## Data shown
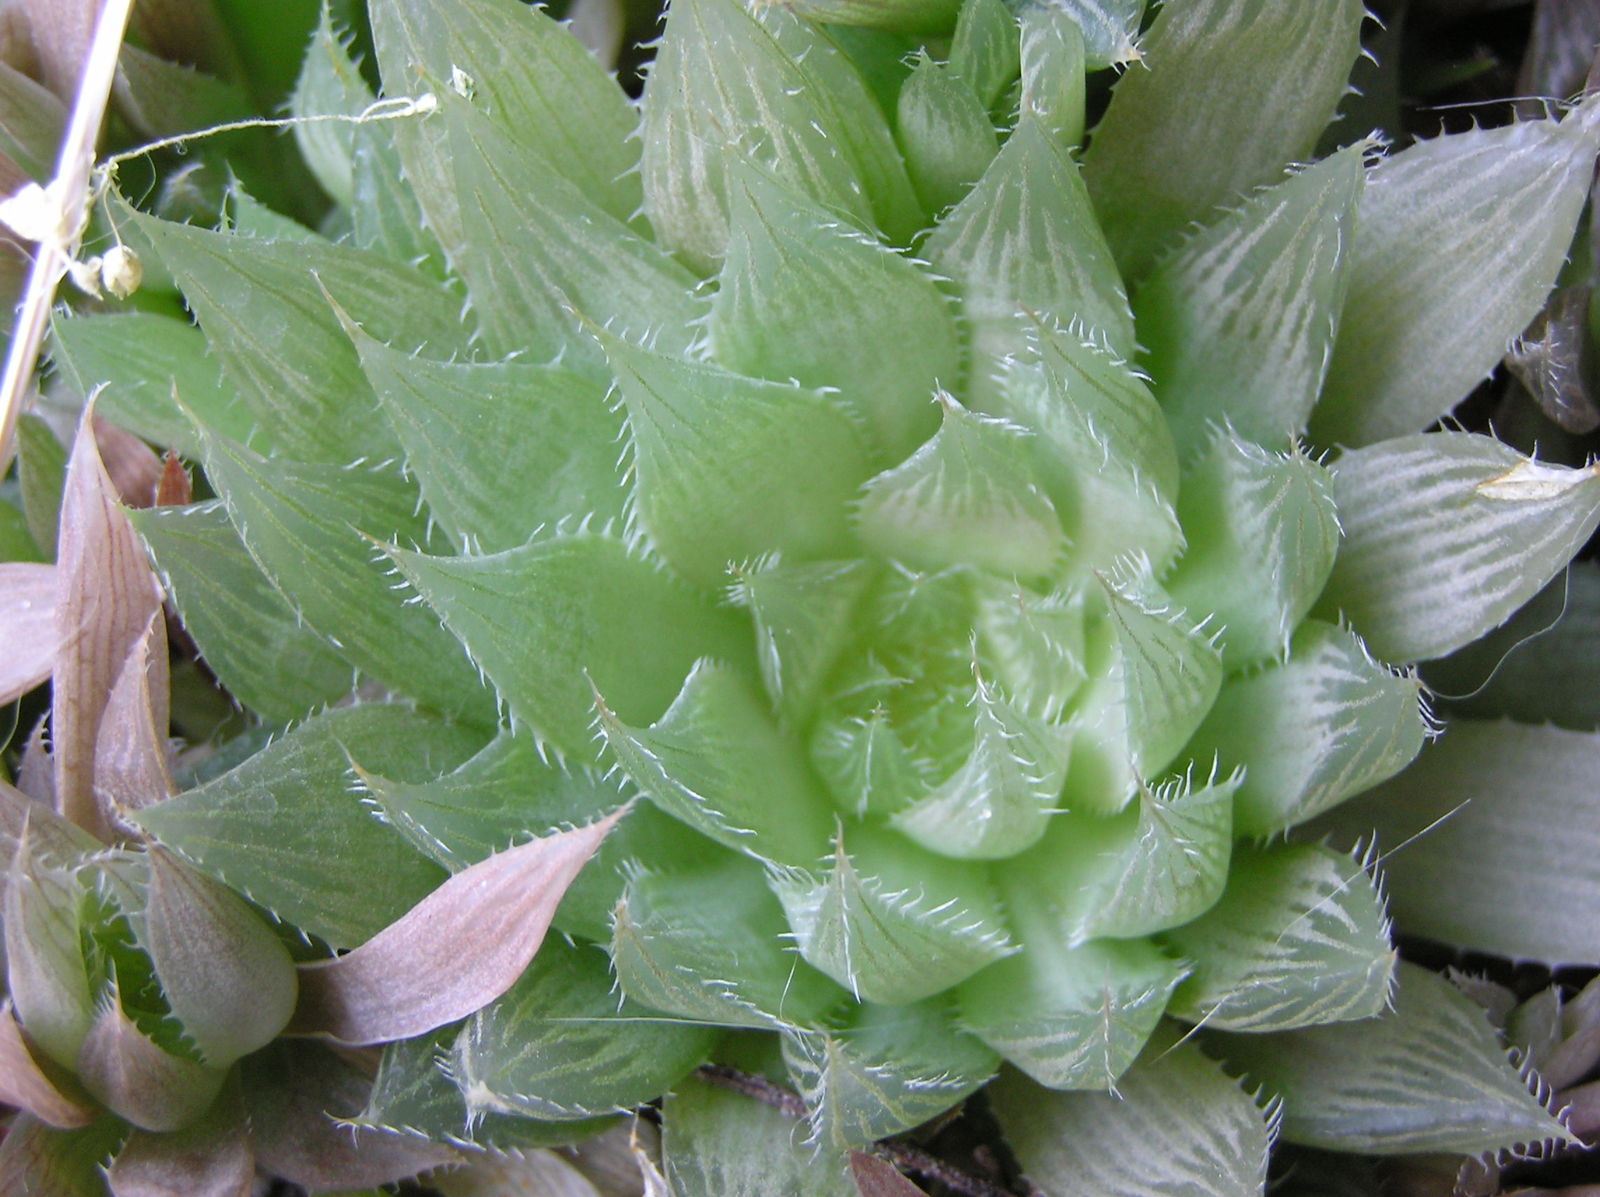 Haworthia Duval Plants Of The World Online Kew Science,Sous Vide Chicken Breast Temperature
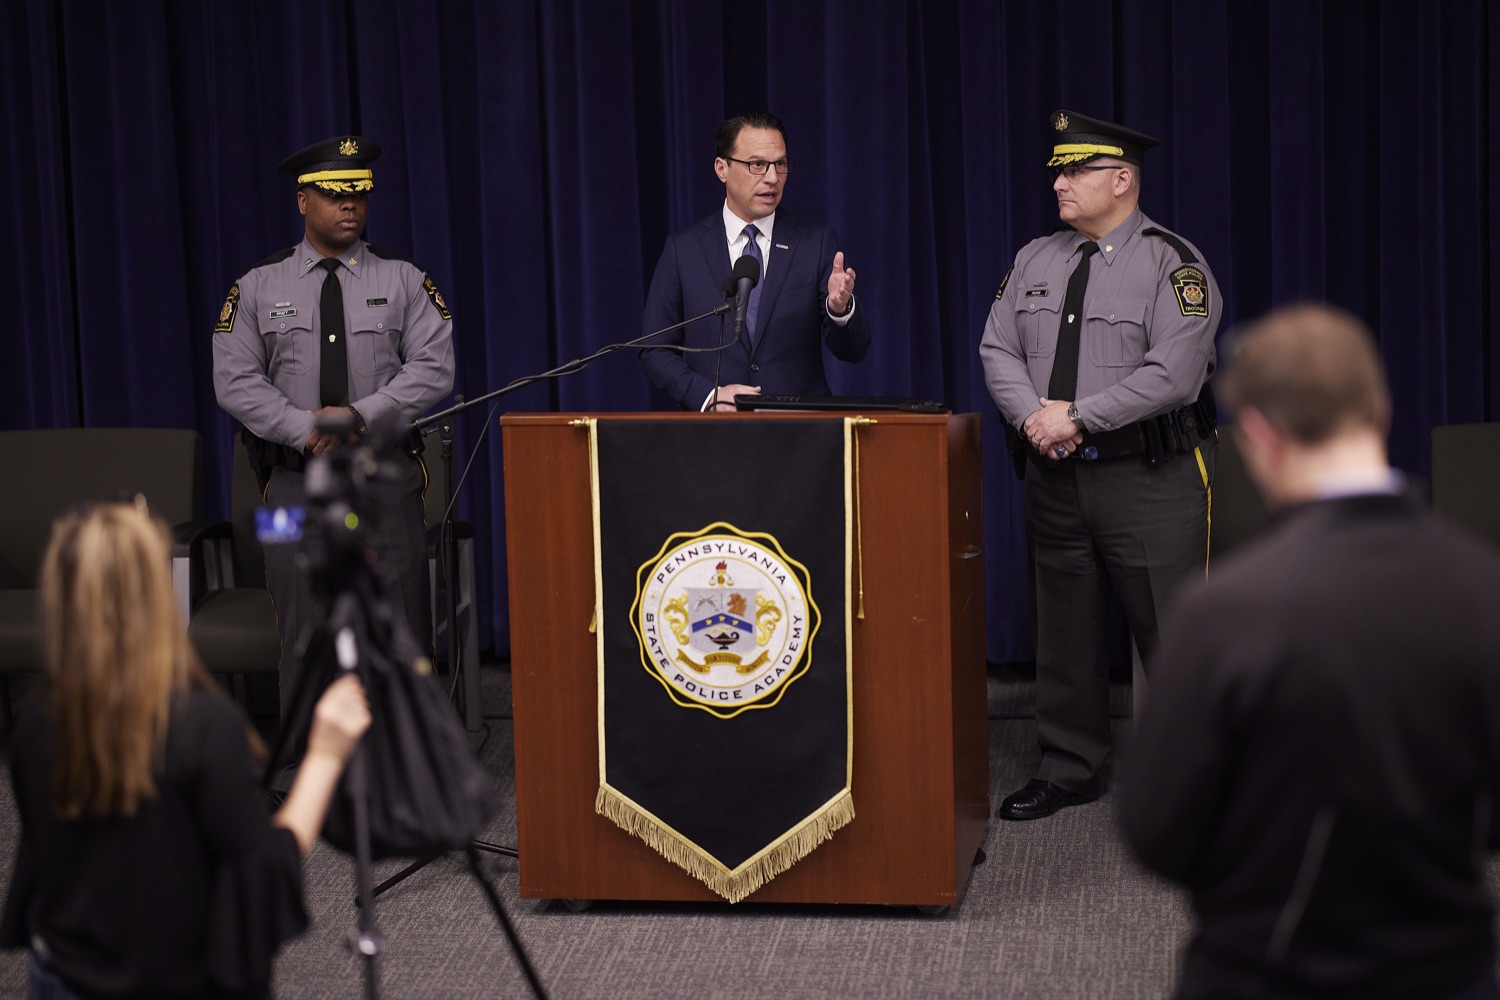 Pennsylvania Governor Josh Shapiro speaks with the press.   Governor Josh Shapiro visits the Pennsylvania State Police Academy to meet the current classes of Cadets, tour the Academy, and hold a press conference to highlight the crucial investments his budget makes to support law enforcement and invest in public safety.  MARCH 08, 2023 - HERSHEY, PA<br><a href="https://filesource.amperwave.net/commonwealthofpa/photo/22760_gov_publicSafety_dz_0019.JPG" target="_blank">⇣ Download Photo</a>
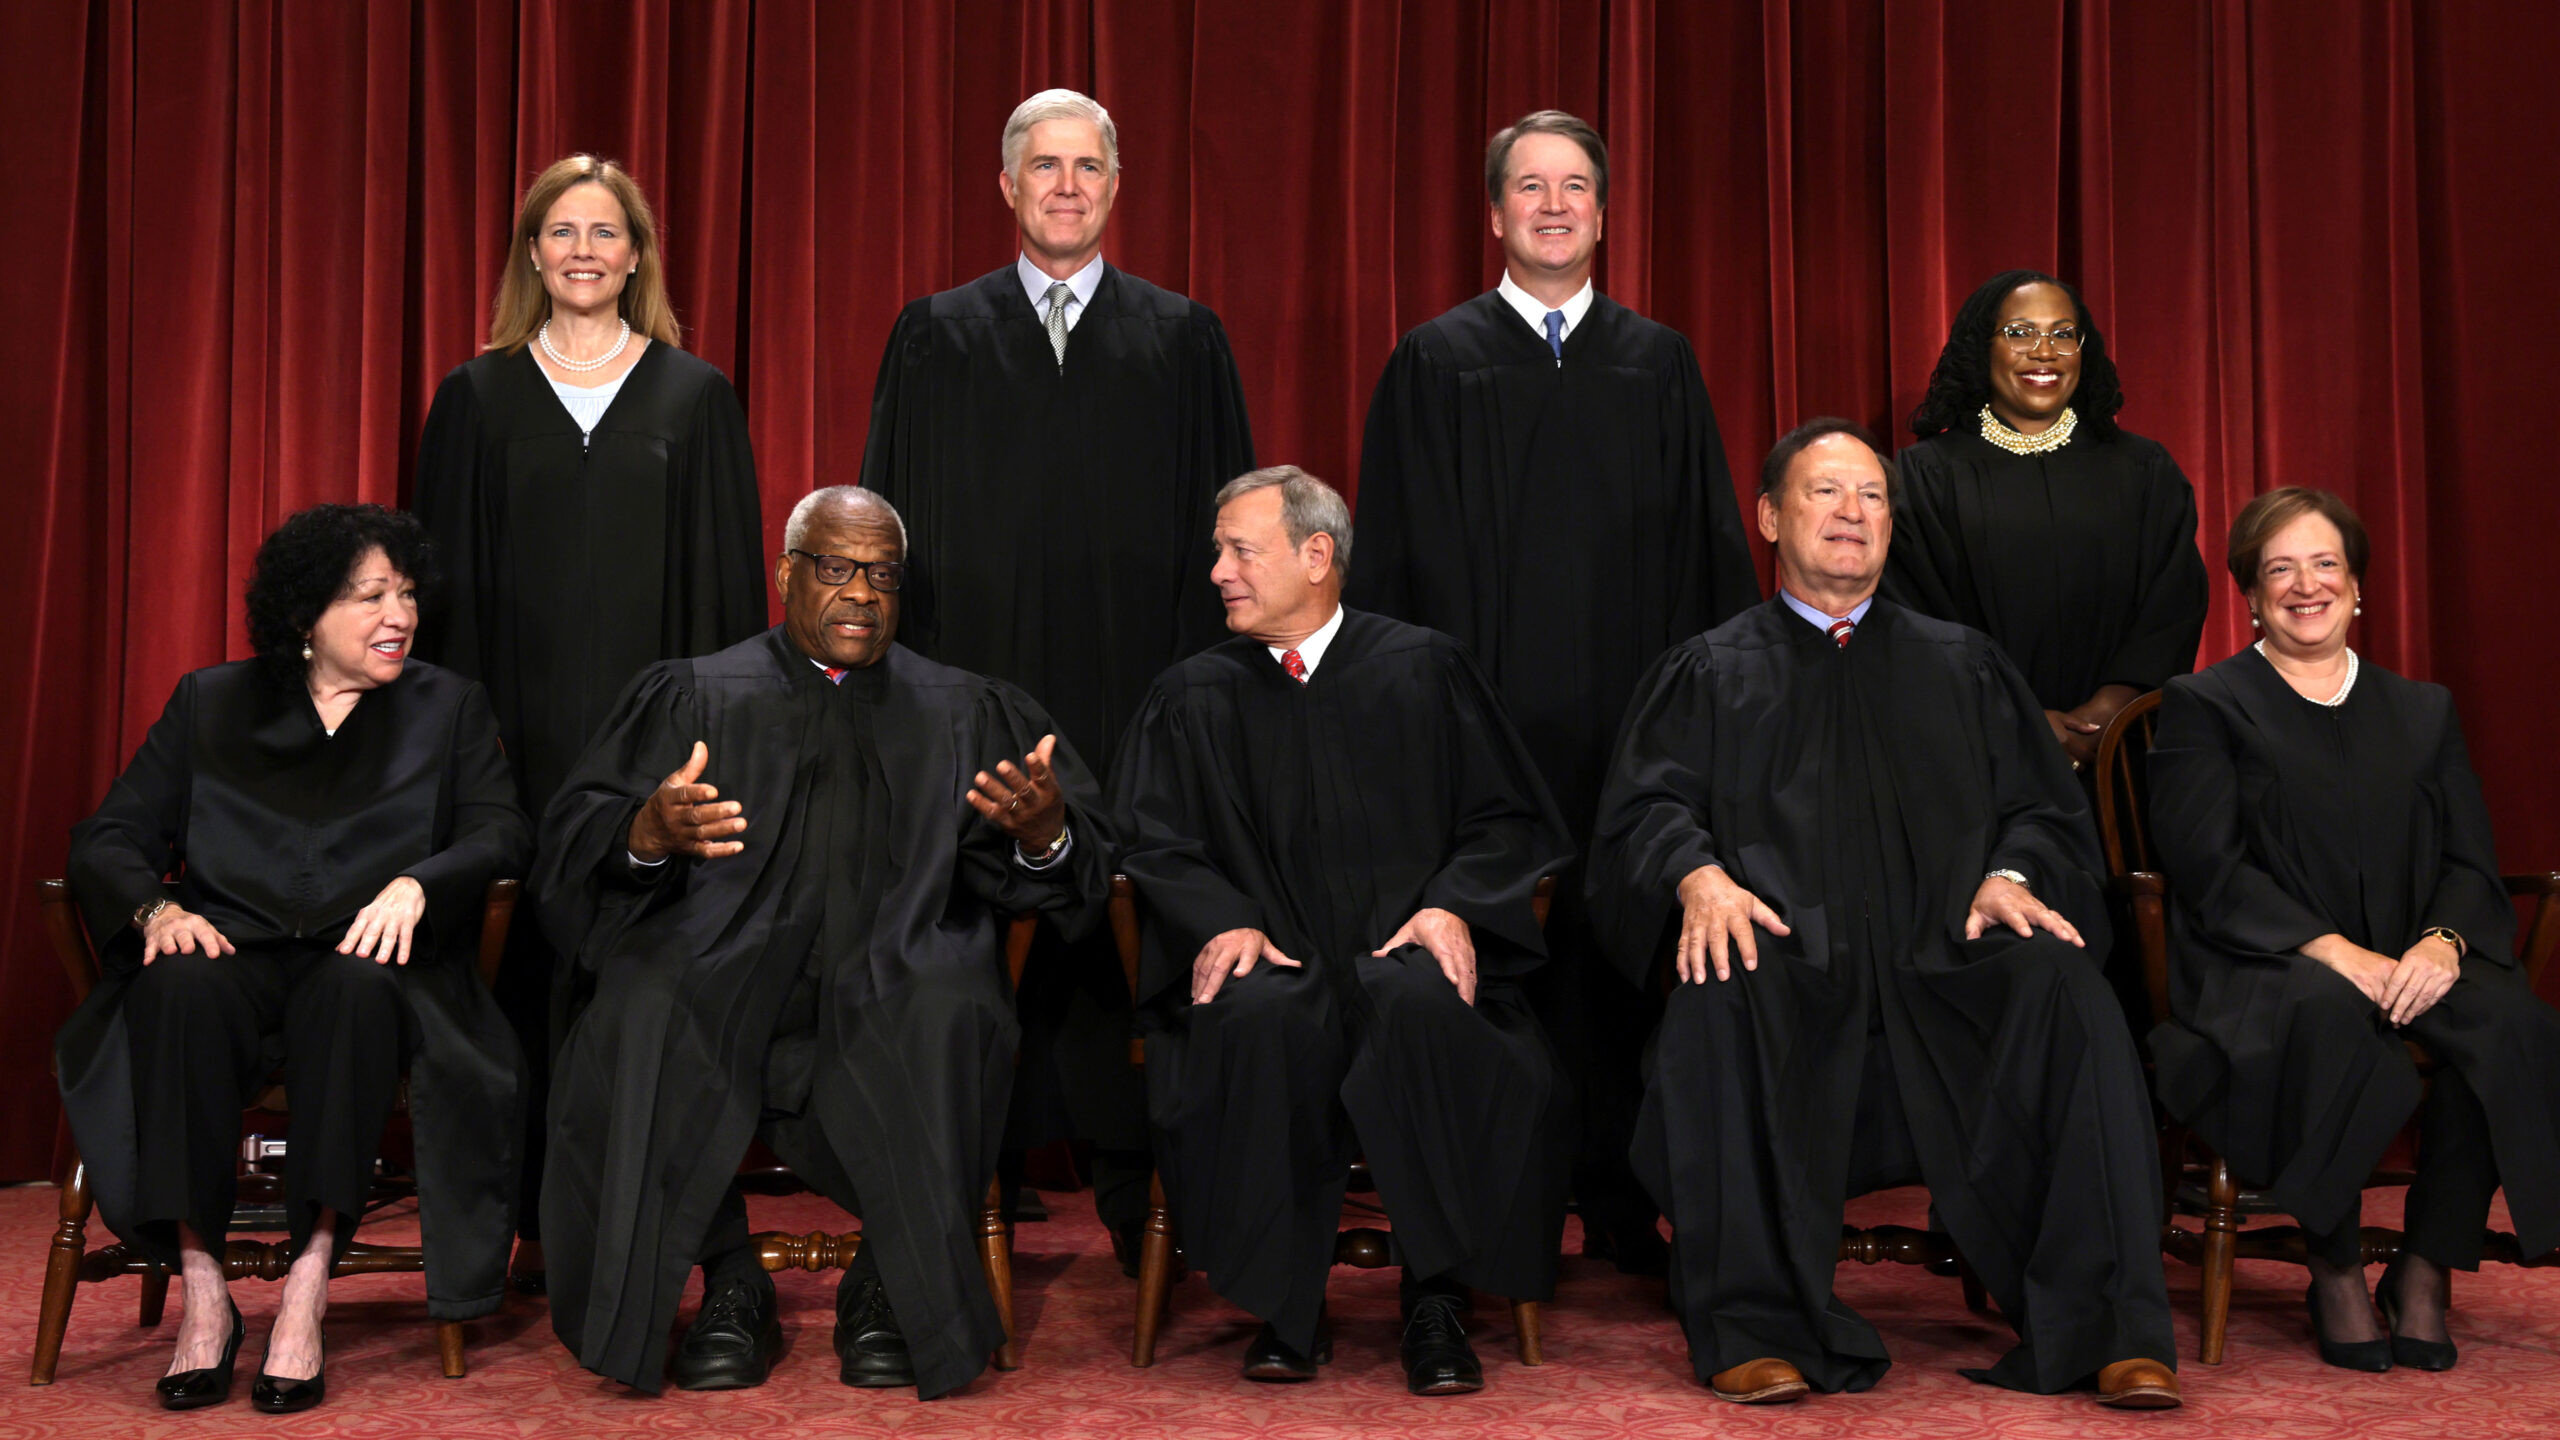 All 9 Supreme Court Justices Issue Rare Statement After Leftist Attacks On Conservative Justices

## Task statement
Would you please copy the material exactly, leaving all the pictures out?

## Solution to this exercise
 Haworthia Duval Plants Of The World Online Kew Science,Sous Vide Chicken Breast Temperature
 Pennsylvania Governor Josh Shapiro speaks with the press.   Governor Josh Shapiro visits the Pennsylvania State Police Academy to meet the current classes of Cadets, tour the Academy, and hold a press conference to highlight the crucial investments his budget makes to support law enforcement and invest in public safety.  MARCH 08, 2023 - HERSHEY, PA<br><a href="https://filesource.amperwave.net/commonwealthofpa/photo/22760_gov_publicSafety_dz_0019.JPG" target="_blank">⇣ Download Photo</a>
 All 9 Supreme Court Justices Issue Rare Statement After Leftist Attacks On Conservative Justices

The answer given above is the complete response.